Internationale Arbeitsgemeinschaft für Gruppenanalyse
Die Internationale Arbeitsgemeinschaft für Gruppenanalyse (IAG) mit Sitz in Bonn wurde von den Psychoanalytikern Michael Hayne (Königswinter), Alice Ricciardi (1910–2008) und Josef Shaked (1929–2021) gegründet.

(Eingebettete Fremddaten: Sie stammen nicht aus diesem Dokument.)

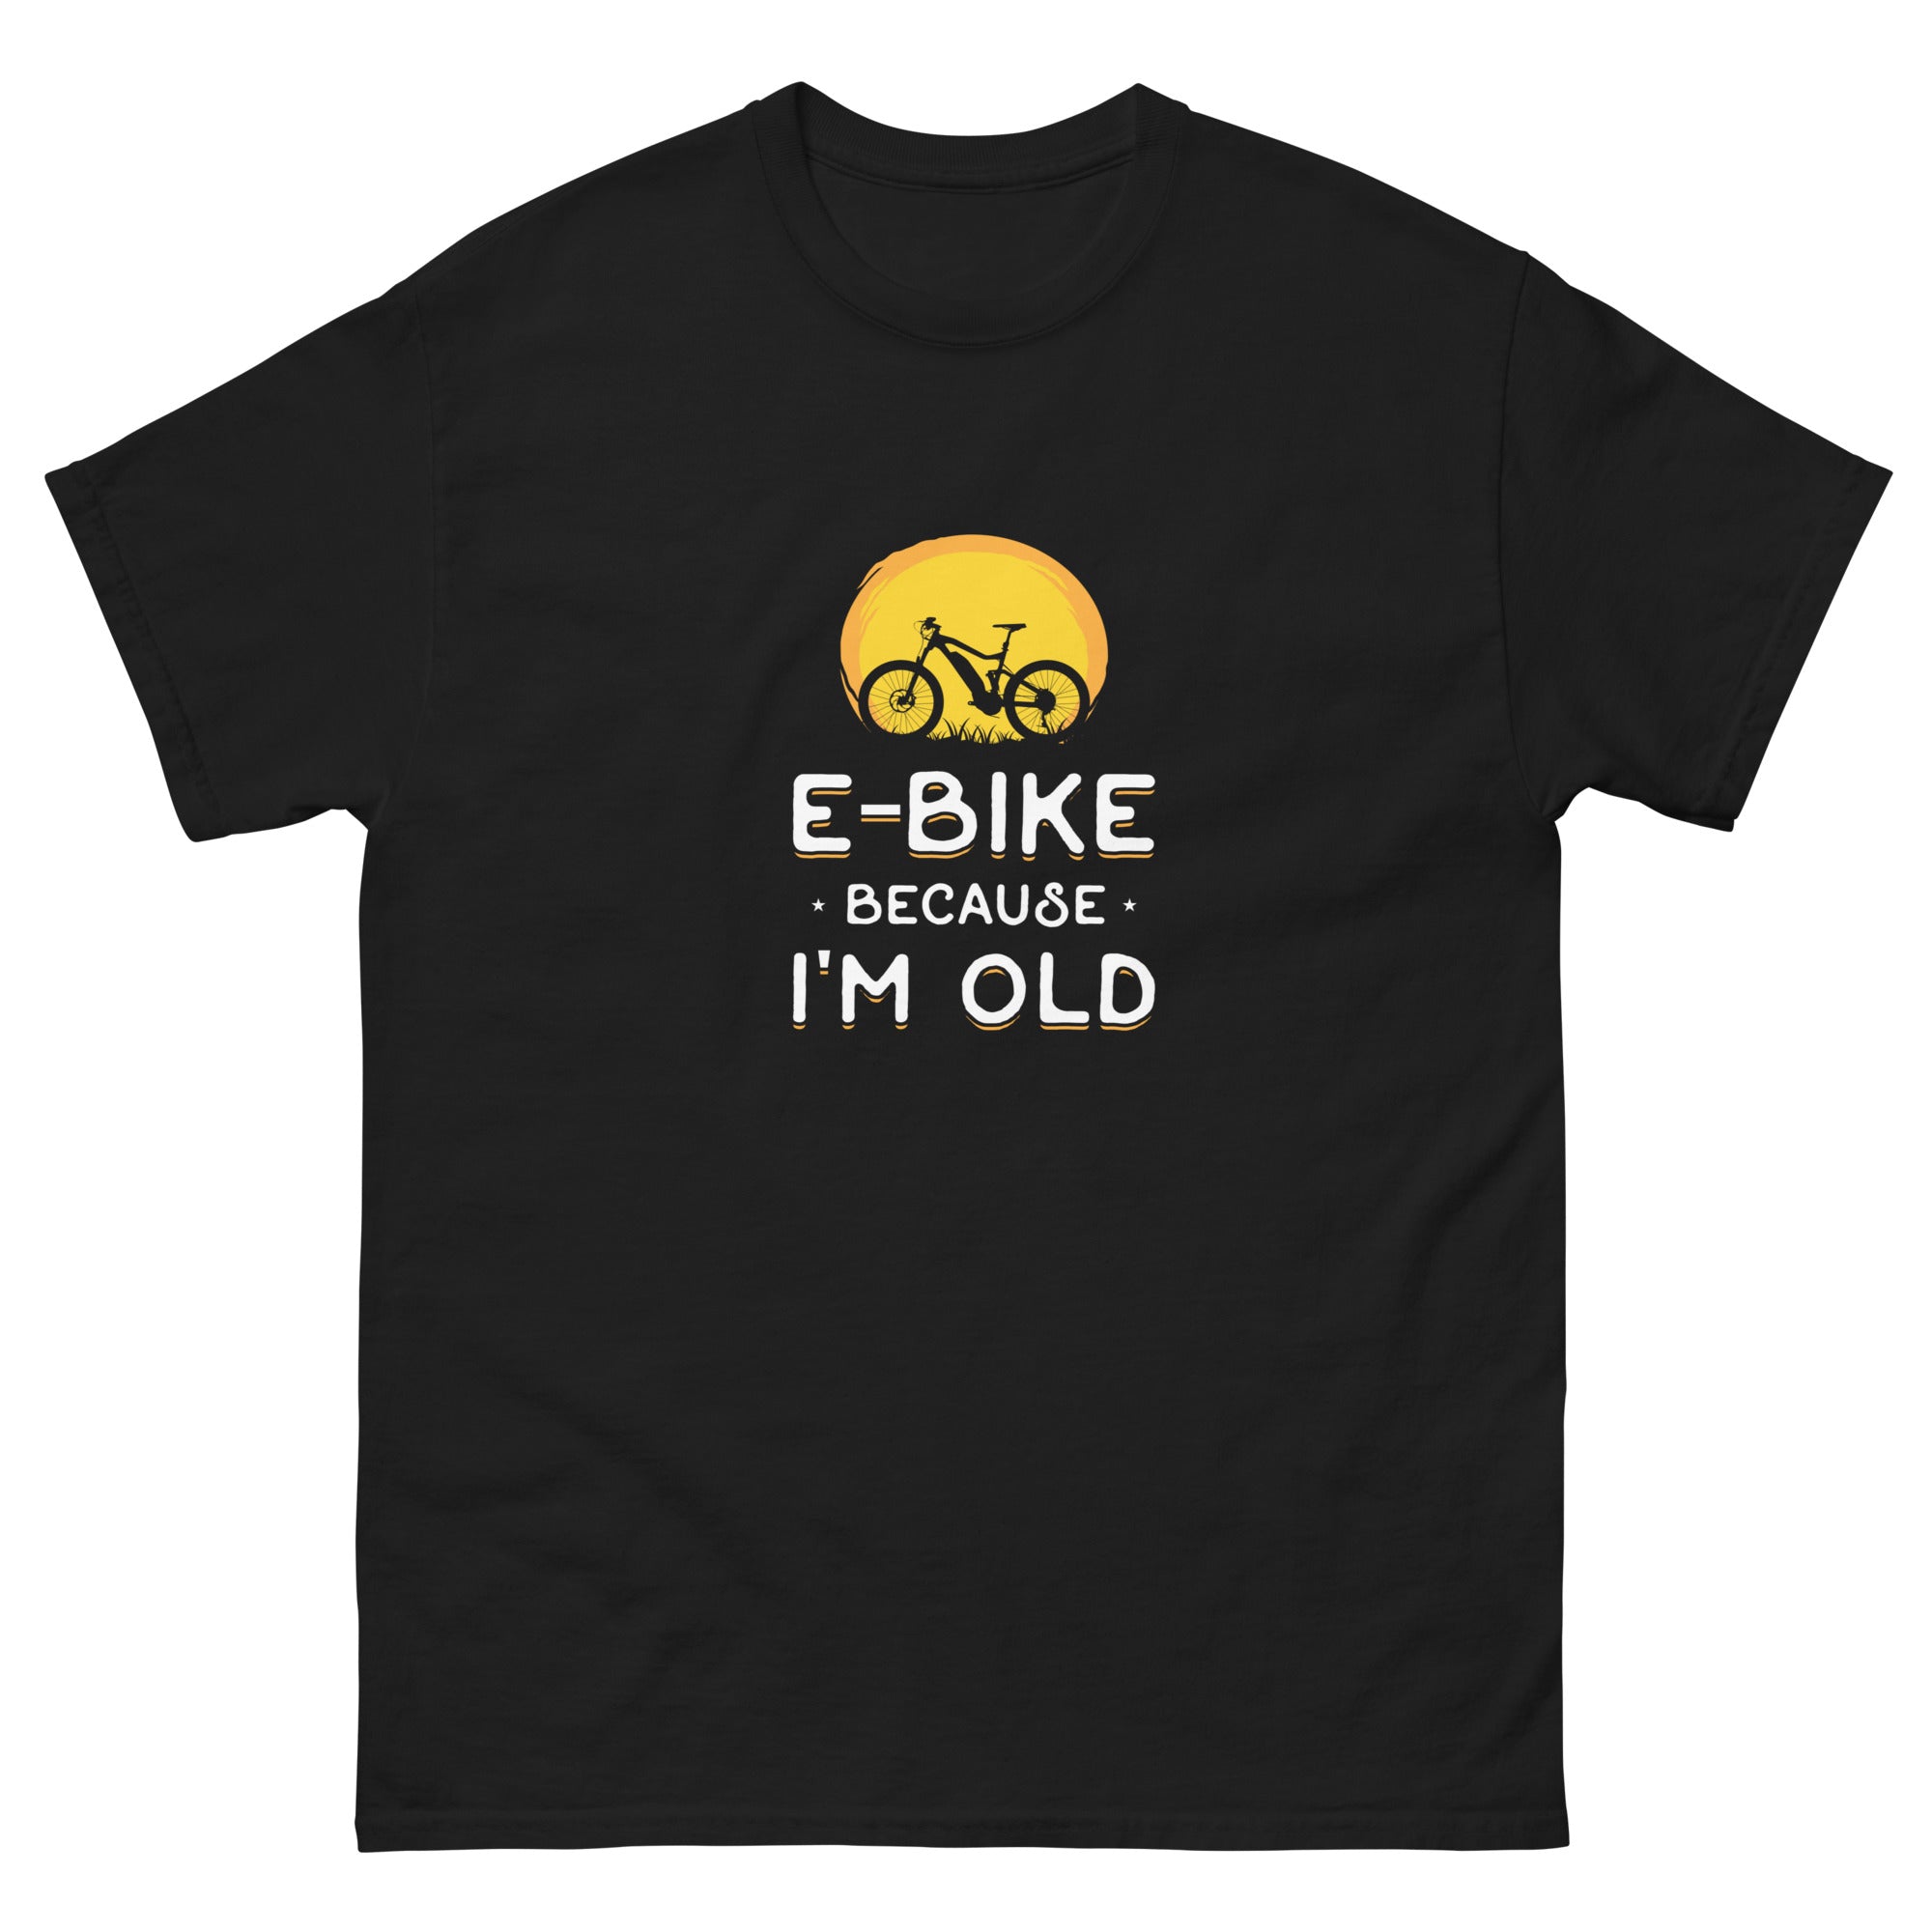 E-bike Because I'm Old Gildan 5000 Men's T-shirt Black

Alle drei sind bzw. waren Mitglieder der Group Analytic Society in London.
Alice Ricciardi hatte ein Haus in Altaussee mit einer Reihe geeigneter Räume geerbt und veranstaltete dort 1974 und 1975 erste Workshops mit S. H. Foulkes, Lionel Kreeger und Jim Hume. 1976 wurde die IAG gegründet, nach einigen anfänglichen Schwierigkeiten fand sich ein Kreis von ständigen Gruppenleitern und seither finden in Altaussee zweimal jährlich gruppenanalytische Selbsterfahrungs- und Fortbildungs-Workshops statt. Diese sind als Aus- und Weiterbildung für Psychotherapeuten, Ärzte und Psychologen in Deutschland, Österreich und der Schweiz anerkannt. Die Workshops finden alljährlich in der Woche vor Ostern und in der ersten Oktober-Woche statt. Wichtige Lehrer und Leiter der Gruppen waren bzw. sind Mohammad Ebrahim Ardjomandi, Felix de Mendelssohn, Elizabeth Foulkes, Paul L. Janssen, Eugen Mahler, Dieter Ohlmeier, Margarethe Seidl und Ursula Volz. Die tägliche Großgruppe ist ein markantes Charakteristikum der Altausseer Workshops und wird nach dreißig Jahren nach wie vor von Josef Shaked geleitet. Seit Herbst 2010 fungiert Jutta Menschik-Bendele als gleichberechtigte Co-Leiterin der Großgruppe.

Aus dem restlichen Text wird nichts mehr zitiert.